> _Dataset content_:
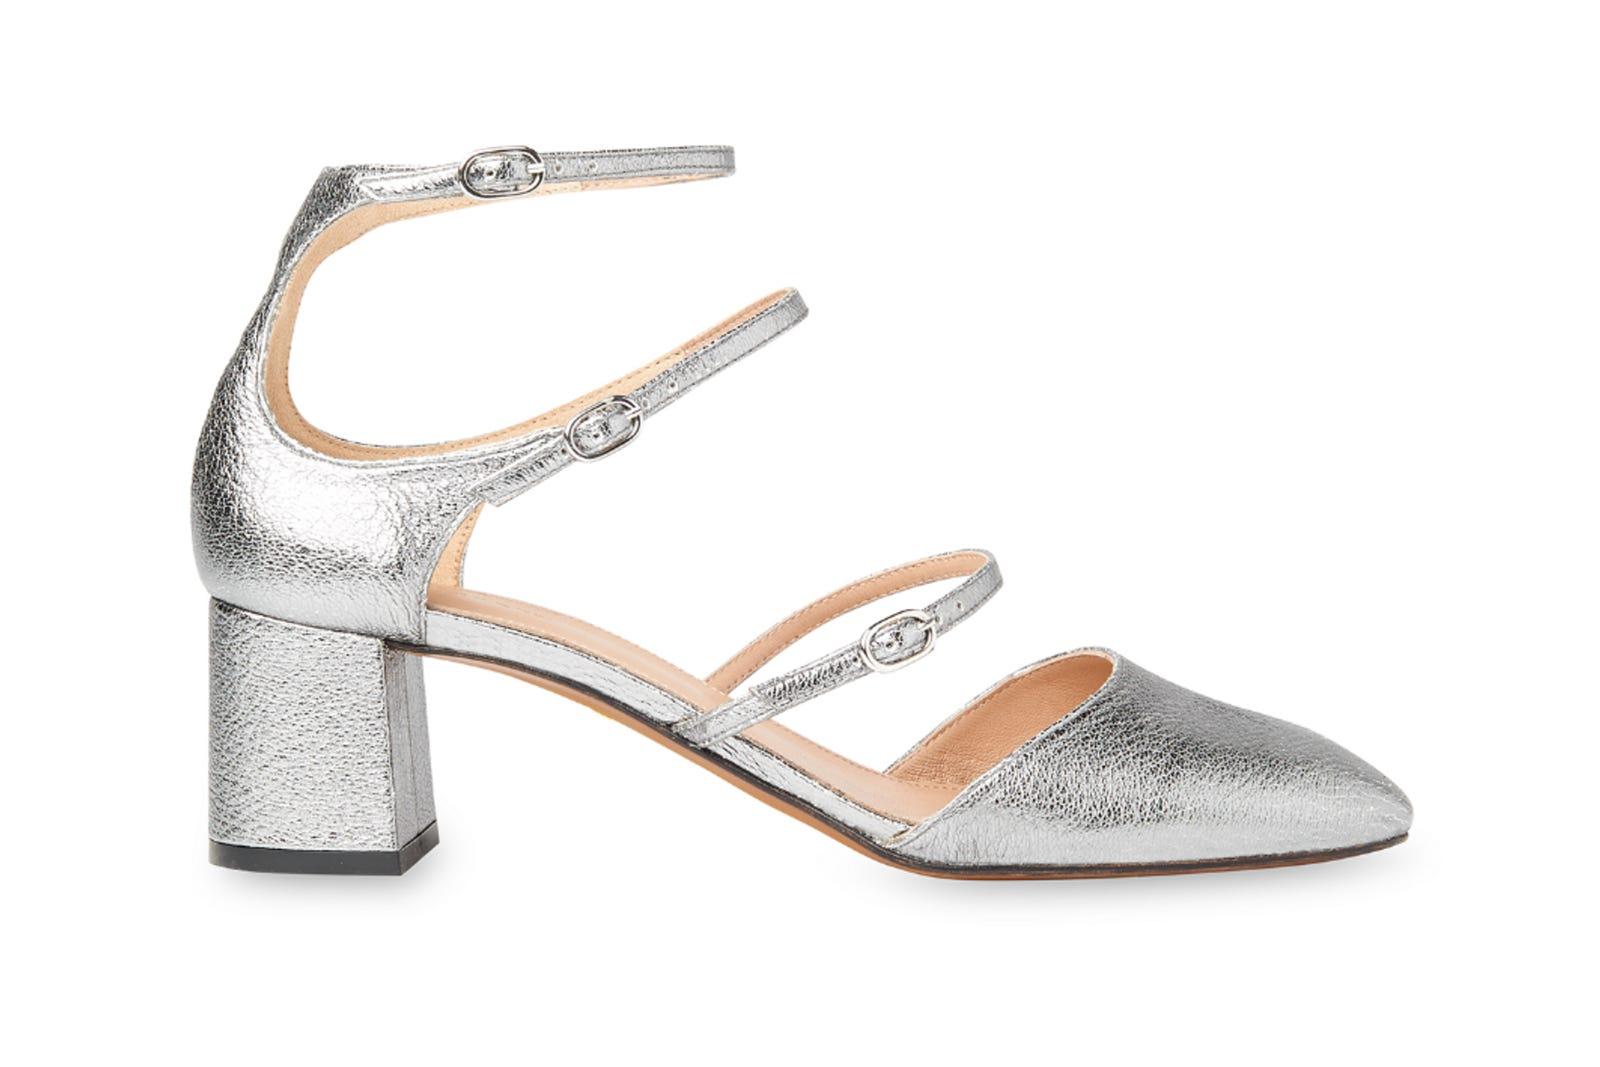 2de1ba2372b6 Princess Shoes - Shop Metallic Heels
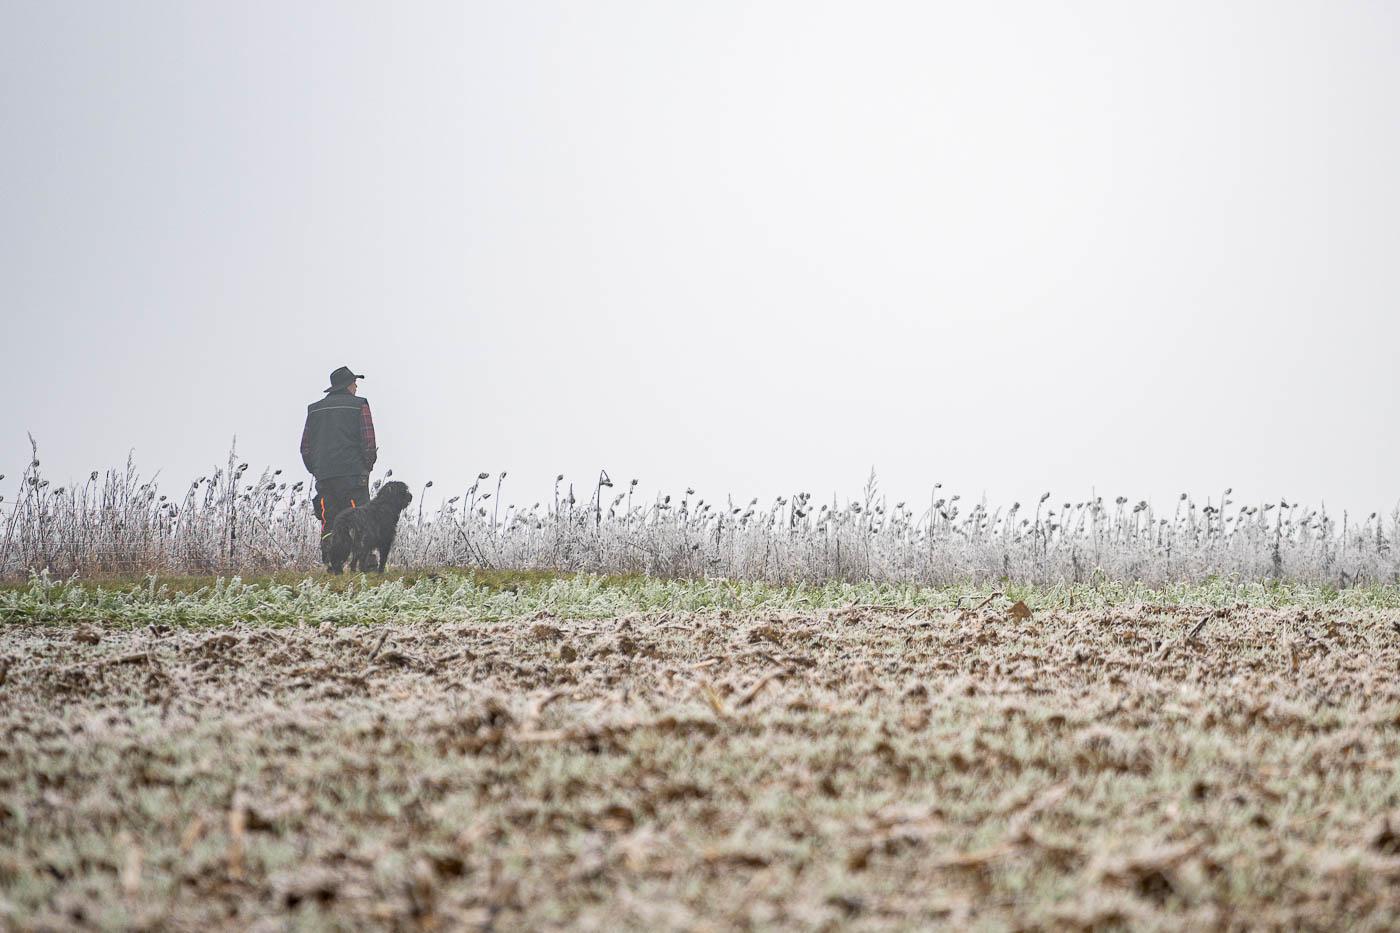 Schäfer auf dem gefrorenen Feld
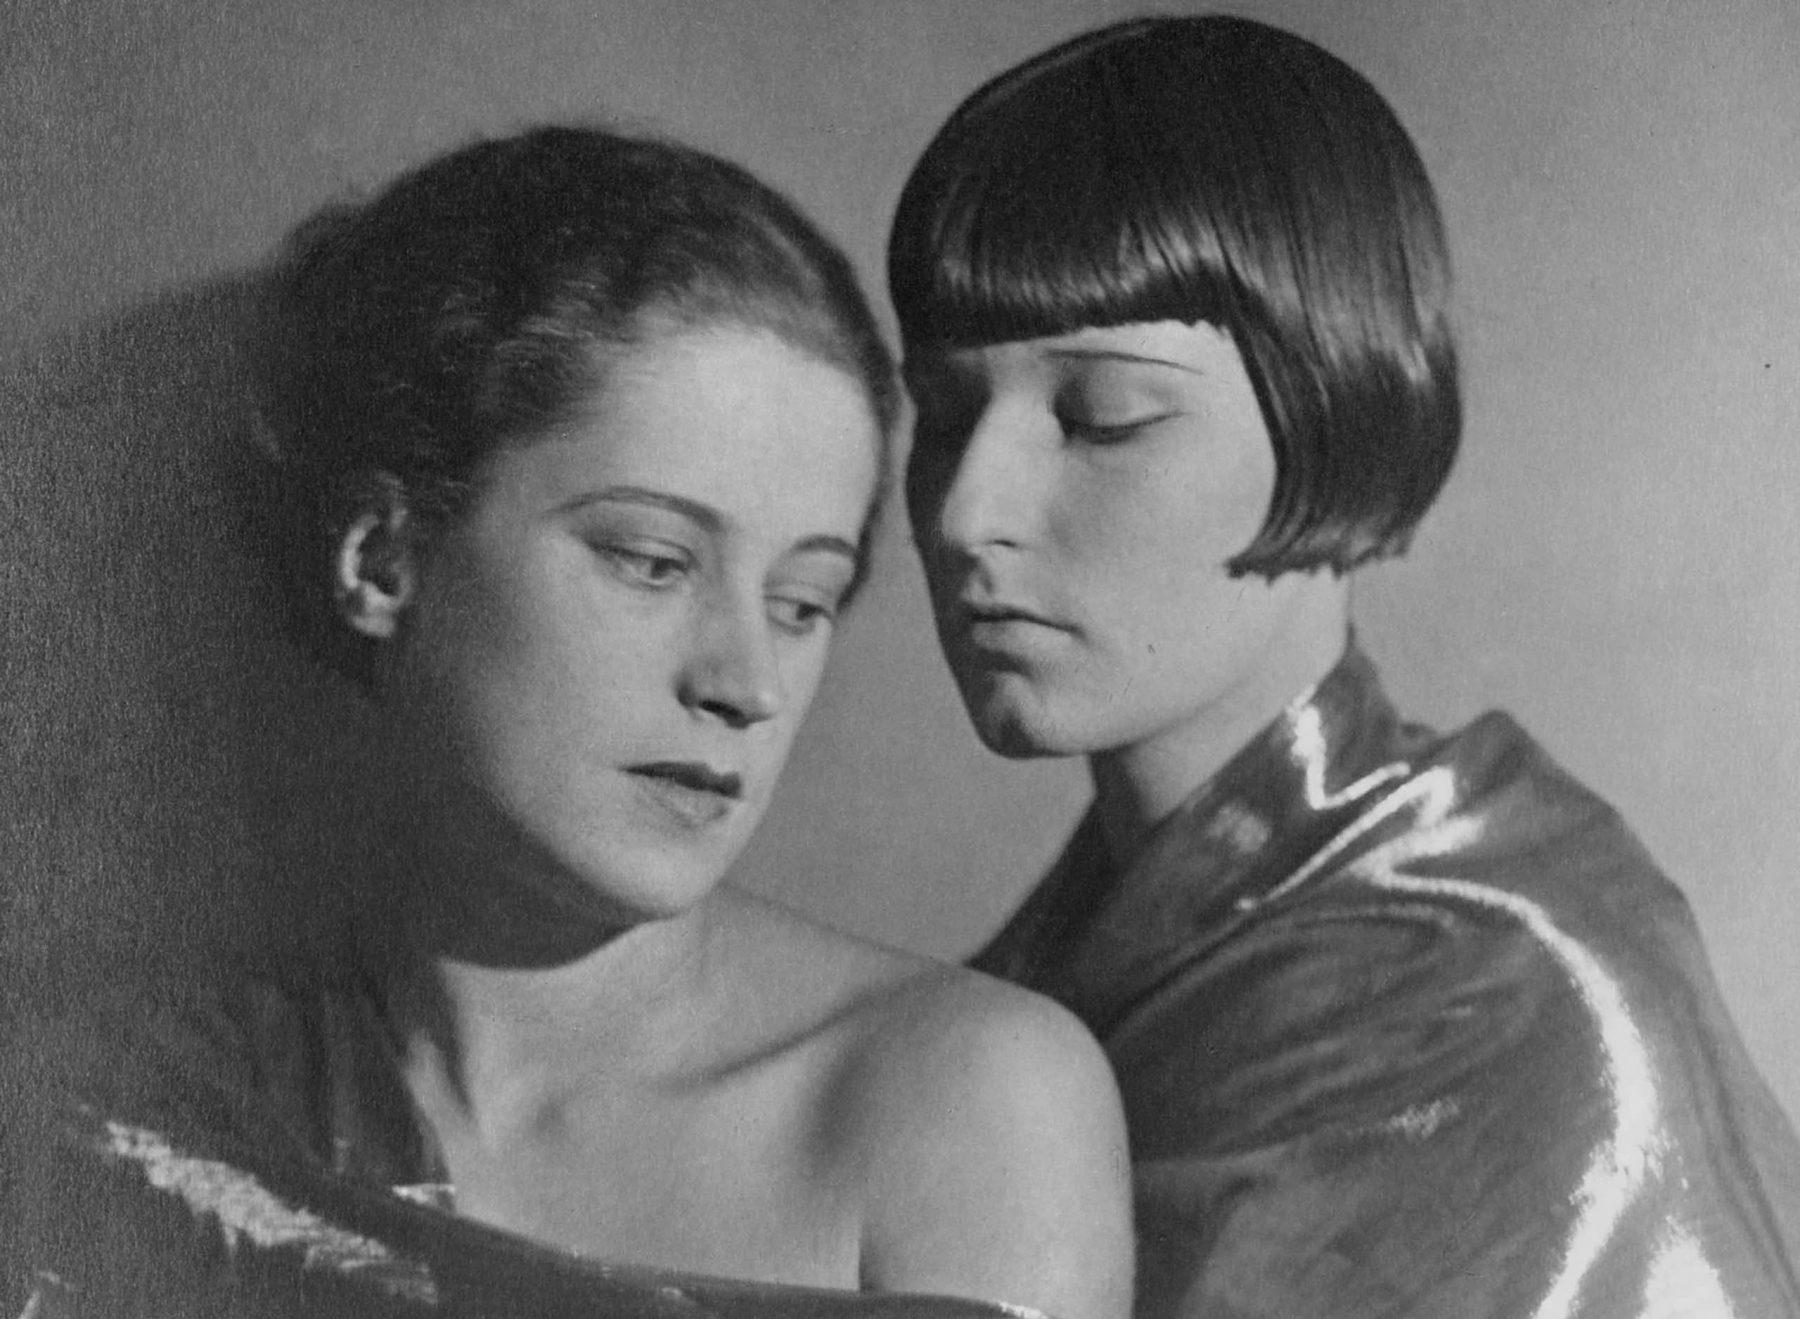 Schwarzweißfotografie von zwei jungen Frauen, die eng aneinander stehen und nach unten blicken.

> _Task objective_: Without the pictures, output the full listing exactly as it stands.

> _Result_:
 2de1ba2372b6 Princess Shoes - Shop Metallic Heels
 Schäfer auf dem gefrorenen Feld
 Schwarzweißfotografie von zwei jungen Frauen, die eng aneinander stehen und nach unten blicken.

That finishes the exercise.